Die bevorzugte Antwort war dann meist: „Wir sind gegen Angriffskriege. Wir sind Anti-Militarist:innen“. Gegen Angriffskriege zu sein machte deutlich, dass Krieg als Mittel zur Konfliktlösung keine gute Idee ist. Dass es aber durchaus gute Gründe gibt, sich in der einen oder der anderen Situation gegen einen Angriff von Außen zu verteidigen. Diesen Umstand als etwas qualitativ anderes einzustufen als die Vorbereitung eines Angriffskrieges ist klug und lenkt den Schwerpunkt der Diskussion hin zu der konkreten politischen Situation und weg von allgemeinen, moralischen Fragestellungen.

Sich gegen Krieg und Herrschaft zu wehren, konnte in dieser Perspektive durchaus legitim sein. Das schloss dann auch durchaus Kampagnen ein, bei denen Widerstandskämpfe etwa in lateinamerikanischen Ländern unterstützt wurden. Ein bekanntes, fast schon klischeehaftes Beispiel dafür war die Kampagne „Waffen für Nicaragua“. Das muss man im Nachhinein nicht mehr alles gut finden – aber es macht deutlich, wo eine Grenzen zwischen „Pazifismus“ und „Antimilitarismus“ verlaufen könnte.

Neue Kriege

Die klassische, akademische Pazifismus-Diskussion geht zudem von einer veralteten Vorstellung vom Krieg aus. Sie imaginiert den Krieg als ein genau erfassbares, territorial und zeitlich begrenztes Phänomen, bei dem mit militärischen Waffen territoriale Gewinne erzielt werden. 

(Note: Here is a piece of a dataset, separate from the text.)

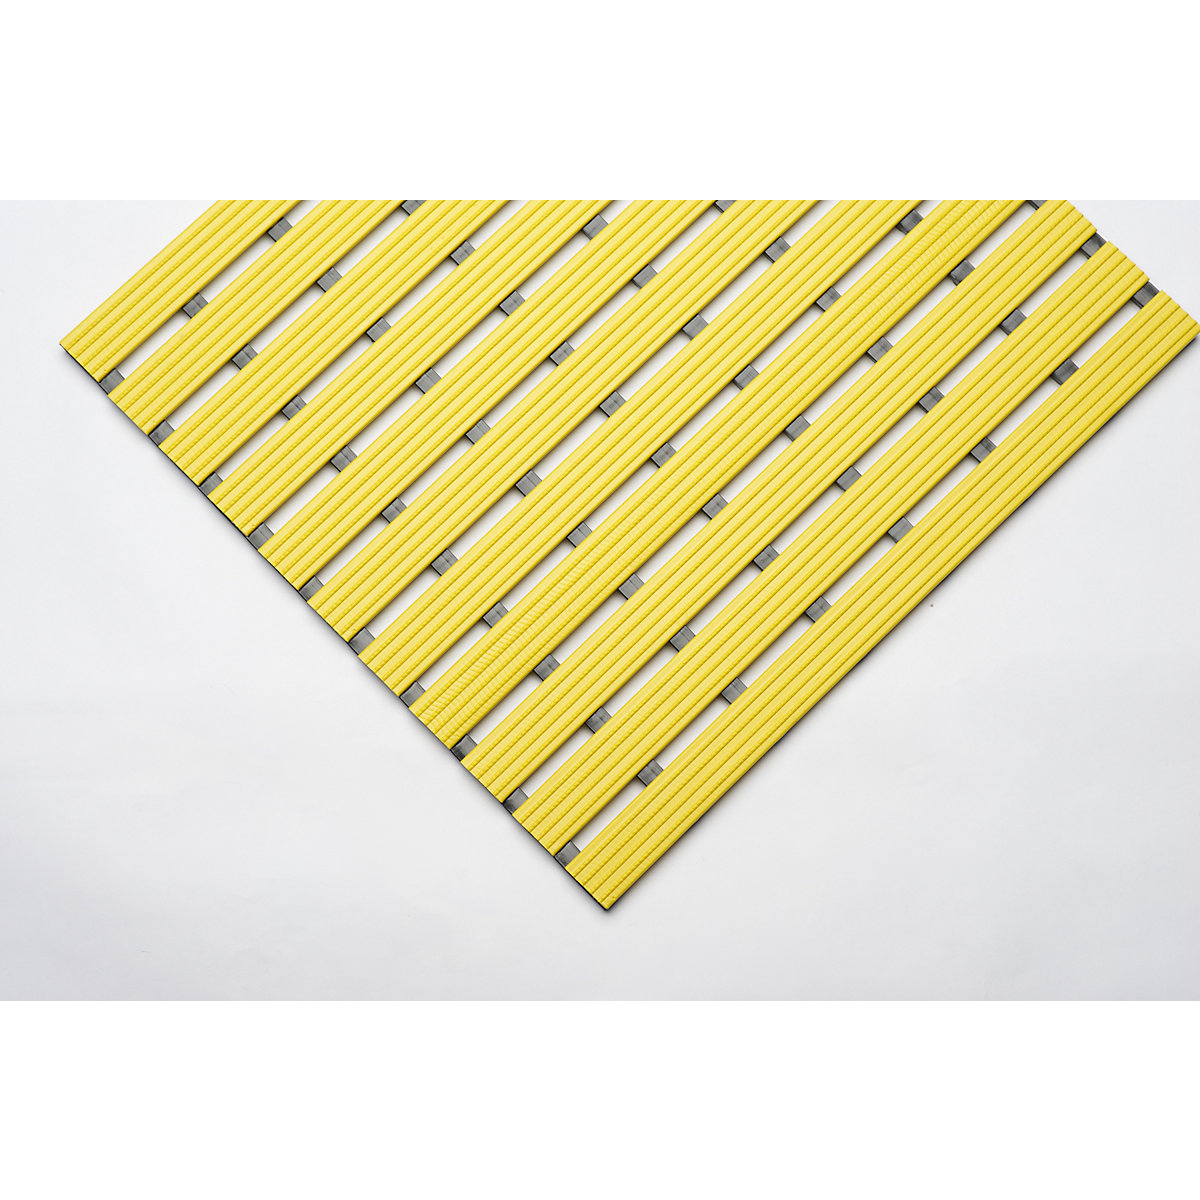 Kunststof mat, per str. mtr., loopvlak van harde kunststof, antislip, breedte 600 mm, geel-7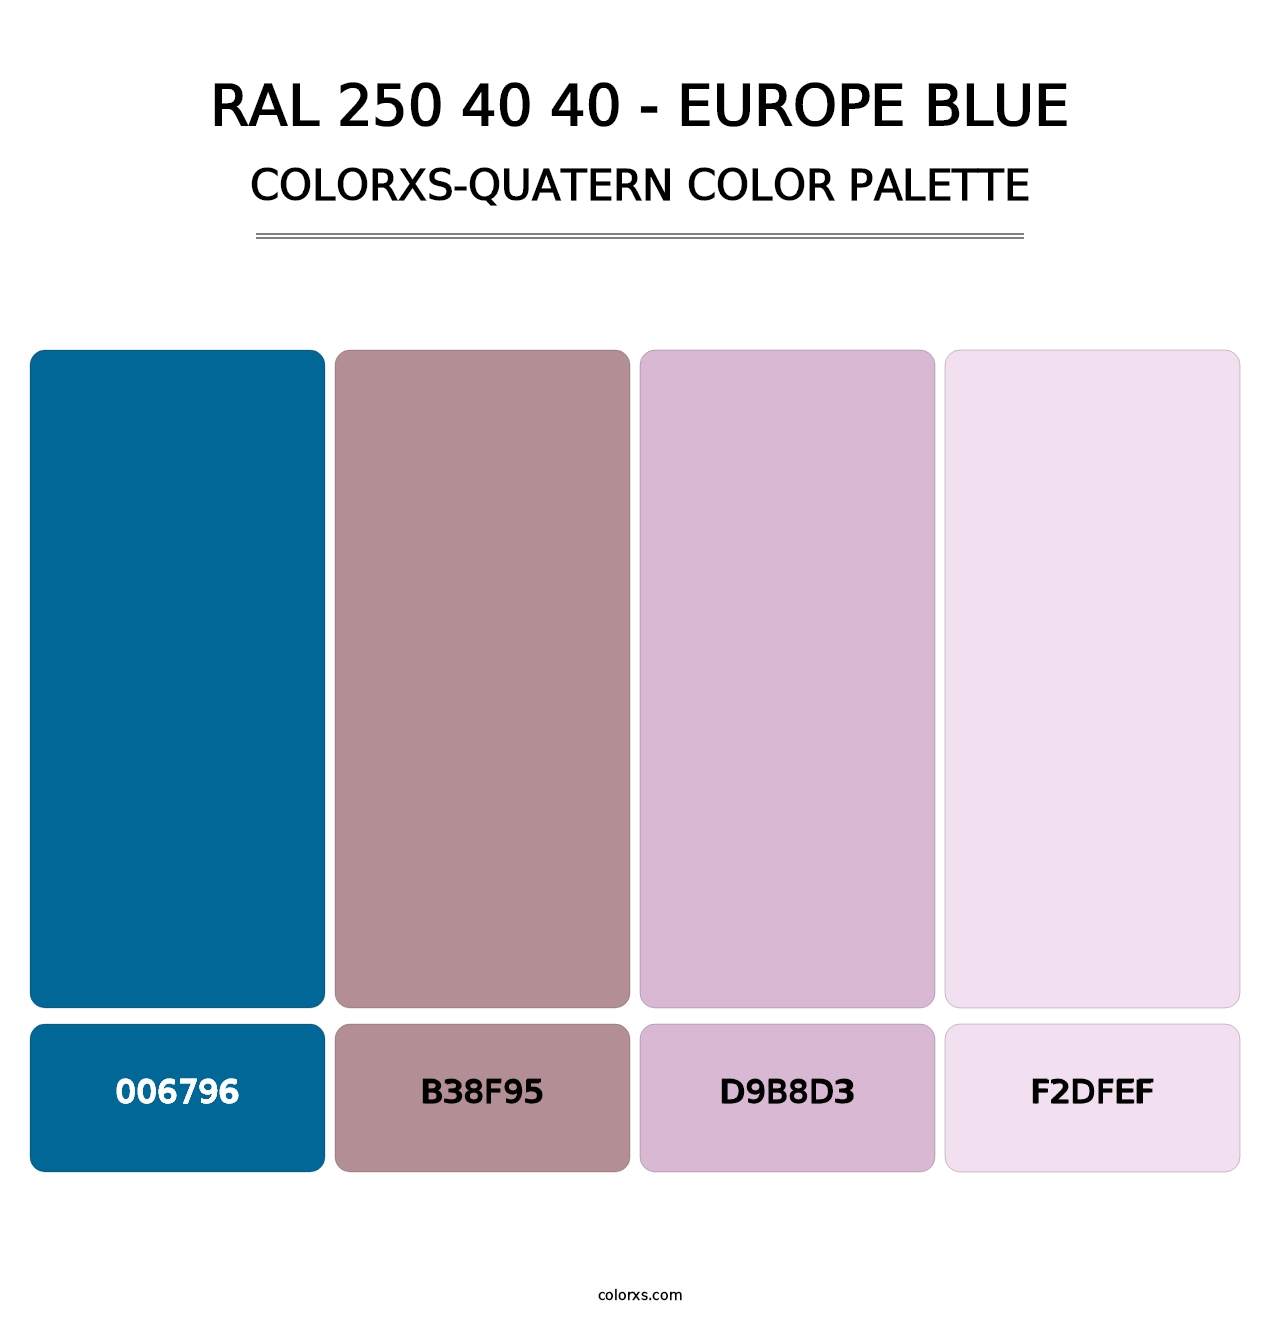 RAL 250 40 40 - Europe Blue - Colorxs Quatern Palette

Dabei ist diese Art der Kriegsführung schon heute gar nicht mehr die erfolgversprechendste Art, Kriege zu führen und zu gewinnen. Sicherlich hat Putin sich für den klassischen Weg entschieden, aber auch die russische Regierung hatte bereits am zweiten Kriegstag mit Cyber-Attacken zu kämpfen. Der Angriff auf die digitale Infrastruktur kann die Organisation eines Staates erschweren, er kann die Energieversorgung bedrohen, Geheiminformationen zu Tage fördern und weite Teile des öffentlichen, des privaten und des militärischen Lebens lahmlegen.

Ähnliches gilt für Angriffe auf die globalen Warenströme und die Versorgungswege der gegnerischen Kriegspartei. In einer derart vernetzten Ökonomie sind diese hochgradig anfällig. Das haben wir bereits im Zuge der Corona-Pandemie erleben dürfen und Angriffe dieser Art, die im klassischen Verständnis eher an Terrorismus erinnern können auch ohne das Vorrücken von Panzern auf NATO-Mitgliedsländer eine enorme Bedrohung für die Lebensqualität und die Versorgungssicherheit der Menschen darstellen.

In diesem Sinne müssen wir uns auf eine historisch neue Form einstellen, wie solche Kriege geführt werden. Und da können wir festhalten, dass Deutschland, die EU und auch die übrigen NATO-Mitglieder denkbar schlecht aufgestellt sind. Statt über Aufrüstung zu diskutieren, sollte die Bundesregierung lieber den Umstieg auf erneuerbare Energien beschleunigen (um nicht länger vom russischen Gas abhängig zu sein), die digitale Infrastruktur verbessern und sichern sowie die ohnehin klimaschädlichen Warentransporte durch eine schrittweise Dekommodifizierung der Ökonomie verringern.

Das wäre sogar realpolitisch für eine bürgerliche Regierung argumentierbar. Zu rechnen ist damit freilich nicht.